Düşle gerçeğin iç içe geçtiği Kapadokya’nın kalbinin attığı yer olan Nevşehir, Türkiye’nin önde gelen turizm cennetlerinden biridir. Eski dönemlerde “Nyssa”, “Soandos Nisa” ve “Muşkera” adları ile anılan kent, Osmanlı döneminde Farsçadaki yeni anlamına gelen “nev” kelimesinden türetilerek bugünkü adını almıştır. Bu da Nevşehir’in yeniliklere açık bir kent olacağının işaretlerini yüzyıllar öncesinden vermiştir. Doğa ve insan elinin eşsiz ortaklığının görüldüğü Kapadokya bölgesinin merkezi olması ile ön plana çıkan Nevşehir, doğal güzellikleri ve yer altı şehirleri sayesinde her yıl milyonlarca turist tarafından ziyaret edilmektedir. 

Kent, Orta Çağ ve Yeni Çağ'da, Seandos; Nissa ve Muşkara adıyla anılıyordu. Anadolu, Büyük Selçuklu Devleti'nin elindeyken eski adı Nissa'nın yerinde Muşkara adında bir köy vardı. Muşkara sağlam yapılı anlamındadır. 18 evlik küçük bir köy olan Muşkara, Ürgüp'e bağlıydı.

Tarihçi Charles Texier'e göre; 12. yüzyıl sonlarına doğru, yani Selçuklular zamanında, Nissa şehri halkı yavaş yavaş şehirden ayrılarak, başka bir yere göç etmişlerdir.
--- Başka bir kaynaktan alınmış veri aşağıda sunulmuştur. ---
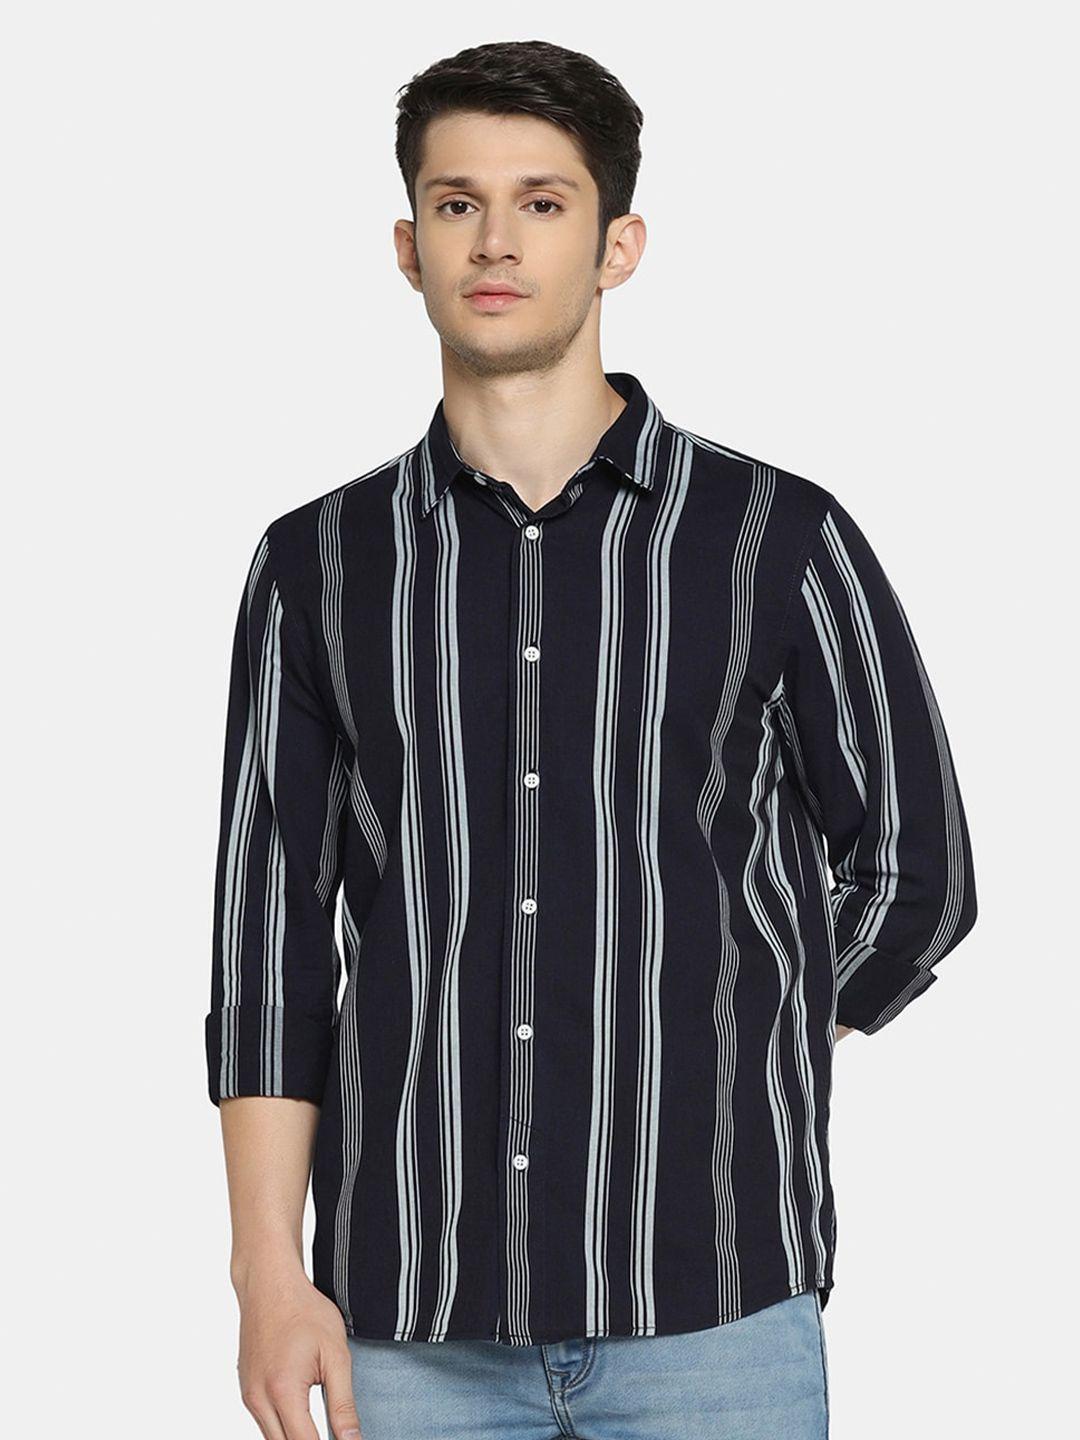 blackberrys men slim fit striped cotton casual shirt

Çevre ile ilgili bilgi veren tarihçiler, bu yeni göç yerinin Muşkara olduğunu yazarlar.

Osmanlılar döneminde ise Muşkara yerine Nevşehir kullanılmaya başlandı. IV. Mehmet'in oğlu Şehzade III. Ahmet'in sır katibi, Muşkaralı İbrahim, Nevşehirli Damat İbrahim Paşa olarak sadrazamlığa getirildiğinde doğduğu kent olan Muşkara'da büyük bayındırlık hareketine girişti. İmaretler, camiler, medreseler, hamam ve çeşmeler yaptırdı. Muşkara adını değiştirerek, kente Yenişehir anlamına gelen Nevşehir adını verdi.